総務省消防庁の調査では、06年に全国で起きた火災のうち、製品の欠陥が原因と断定されたのが174件ありました。内訳は、電気コンロなどの電気用品が105件、給湯機などの燃焼機器が49件、自動車は20件です。

製品 メーカー 件数
電気コンロ 日立アプライアンス 6
電気コンロ サンウエーブ工業 5
電気ストーブ 大宇電子ジャパン 5
テレビ 東芝 5
エアコン 東芝キャリア 5
     
石油給湯機 ノーリツ 26
石油給湯機 TOTO 7
石油給湯機 長州産業 5
     
キャリイ スズキ 3
ベクスター スズキ 2
デュトロ 日野自動車 2

ただし、製品の欠陥が原因とは断定出来ない火災は719件ありました。

メーカーなどは07年5月の
改正消費生活用製品安全法施行で、経済産業省への報告が義務化され、08年11月までに2048件の事故が報告されています。

07年10月三重県で、91年にパナソニックが
リコールした電気洗濯機で火災が発生した事件など、リコール中の家庭用製品による重大事故は、07年5月以降少なくとも234件起きた事がわかっています。

リコールは90年以降だけでも1000件を越しており、今やメーカー側の
告知には限界があるのです。
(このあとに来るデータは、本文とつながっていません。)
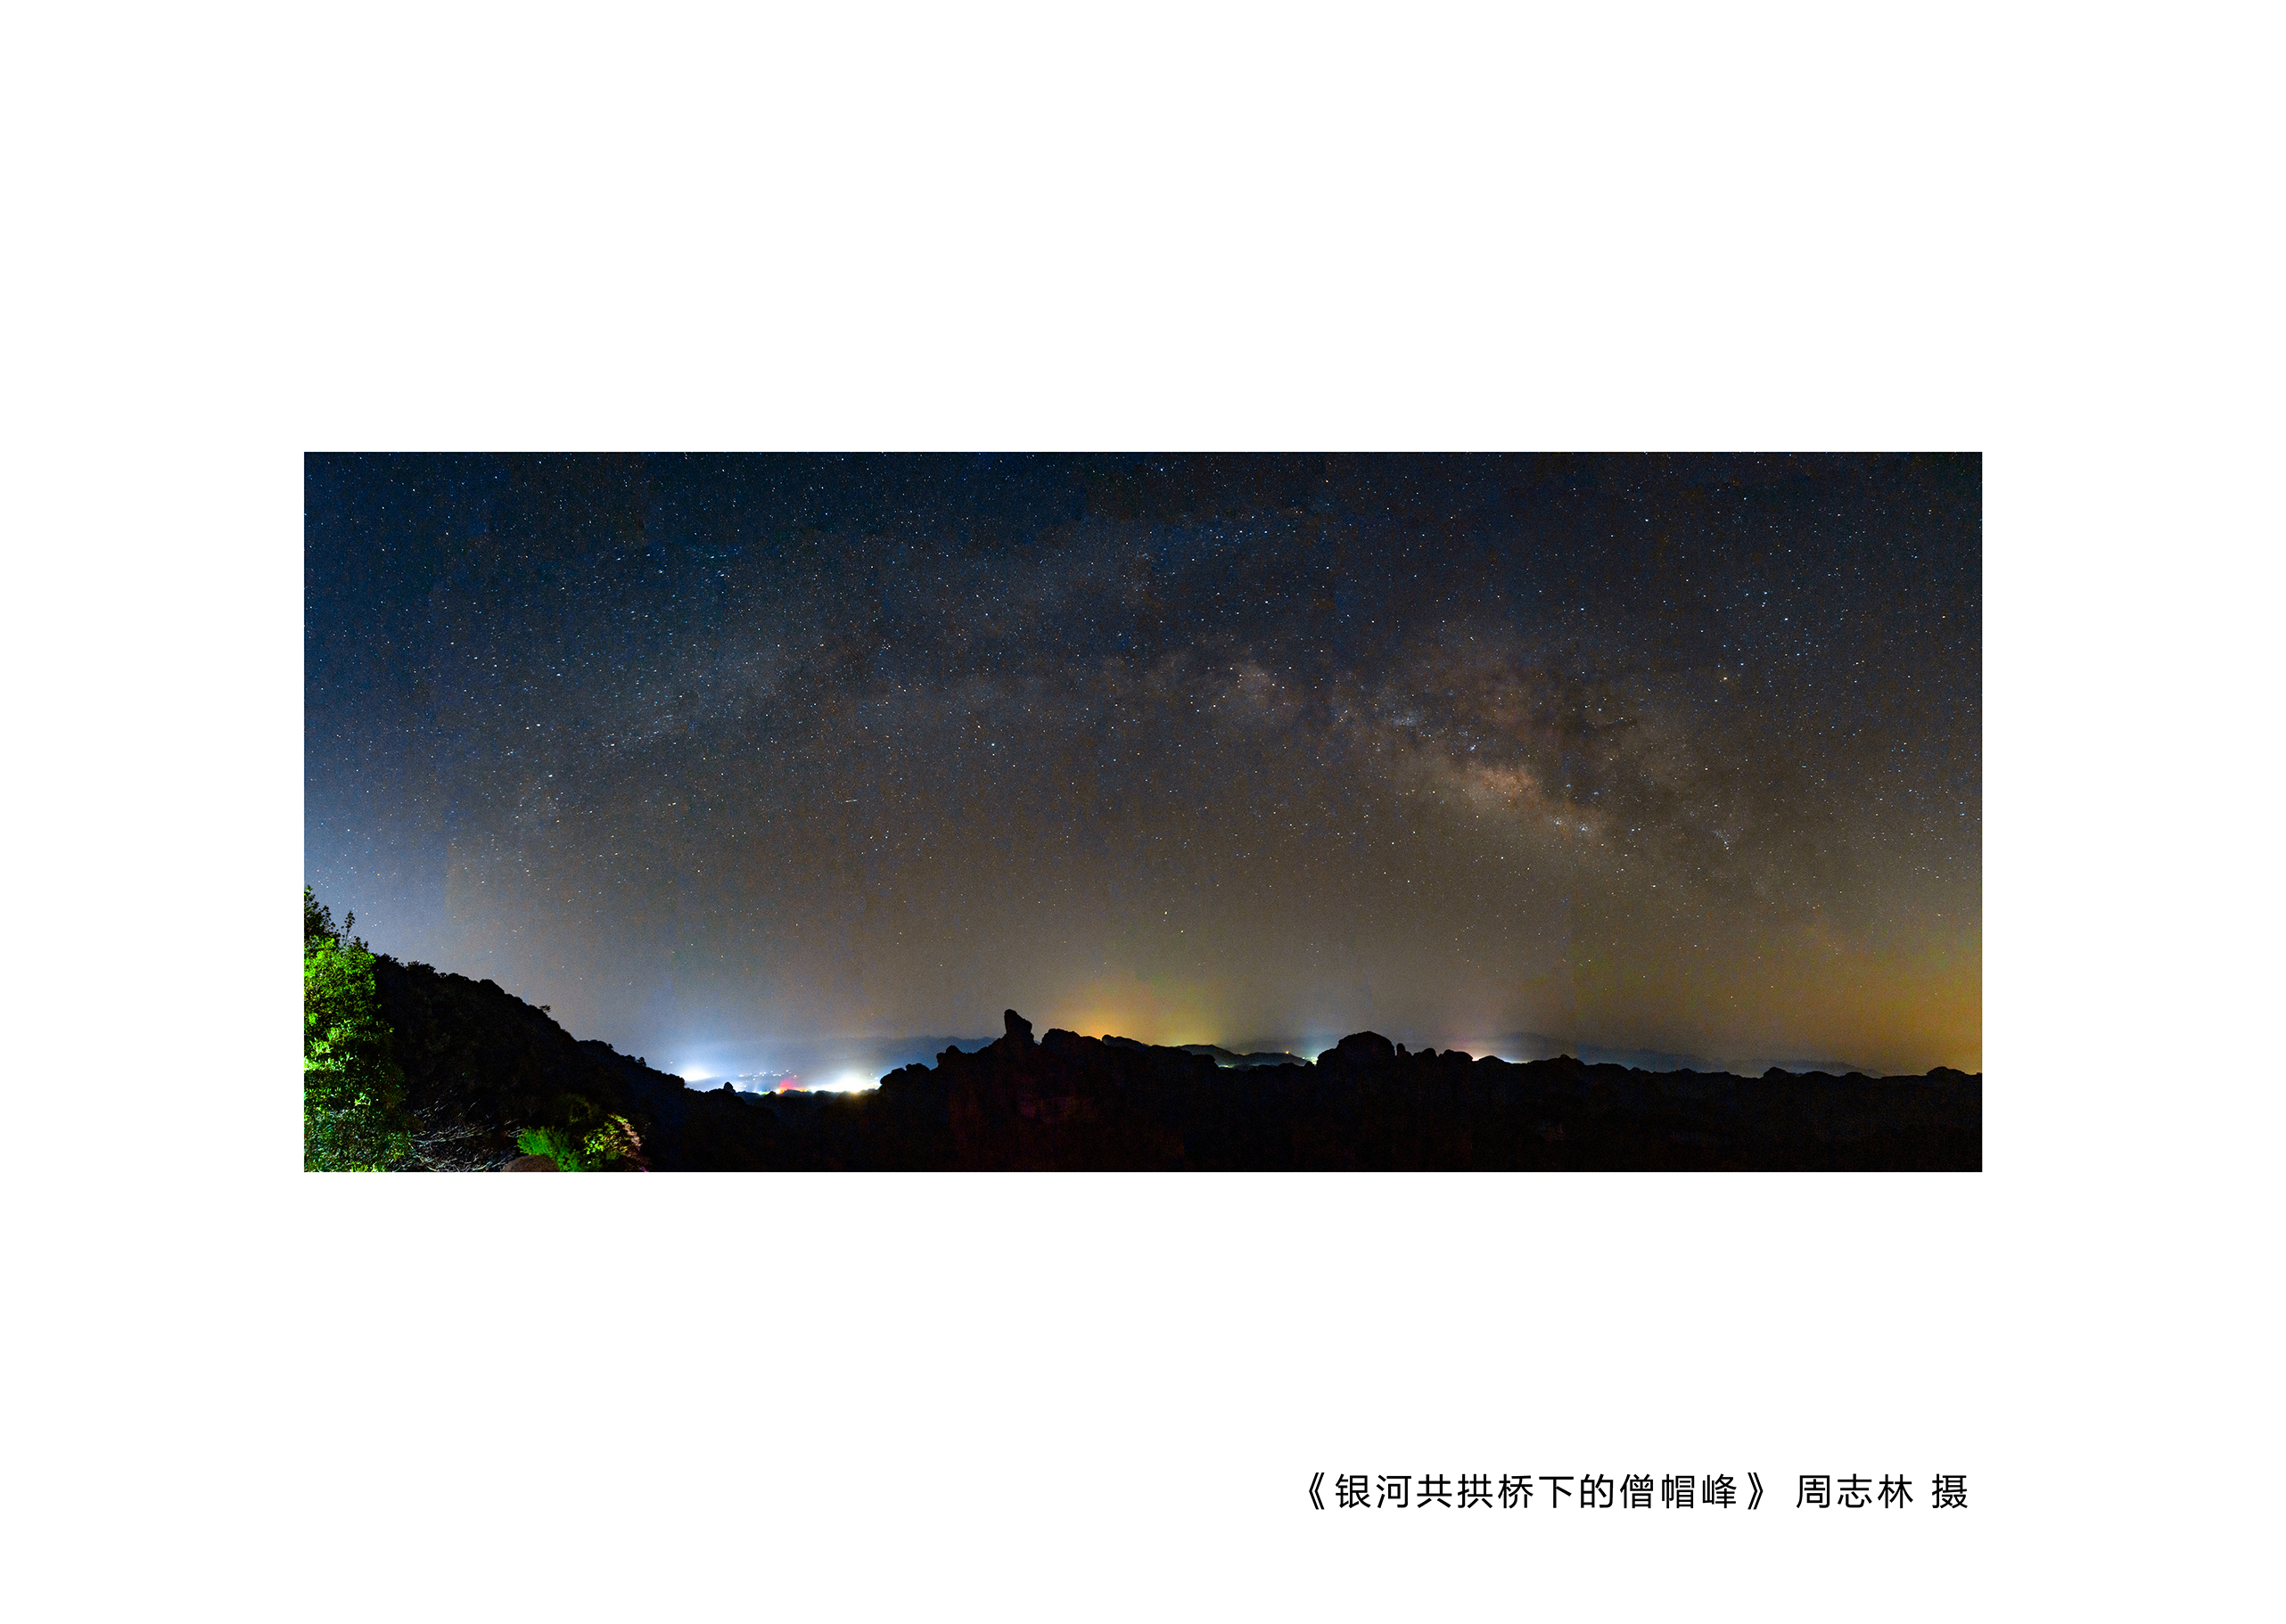 《银河共拱桥下的僧帽峰》周志林 摄.jpg

消費者の自己防衛が必要なのです。

08年7月、経済産業省によると、電気コンロを自主回収していた萬品電機製作所が破産になり、リコールが続けられなくなったと伝えています。泣きっ面にハチでしょうか。

また経産省が公表した製品事故情報では、
暖房器具が火元とみられる火災は、08年11月〜09年3月に少なくとも180件起き、死者16人、重軽傷者は56人。

事故が目立ったのは、石油ストーブ、電気ストーブ、石油温風器、エアコン、電気温風器、電気こたつの6製品。最も多かったのは54件の
石油ストーブです。

46件の
電気ストーブは製品側の問題が多いのです。経産省所管の製品評価技術基盤機構によると、ハロゲンヒーターは22社が製品事故の発生によりリコール中で、そのうち大宇電子ジャパンが03年から回収中の「SD―80G」は、この期間だけで4件の火災が起きています。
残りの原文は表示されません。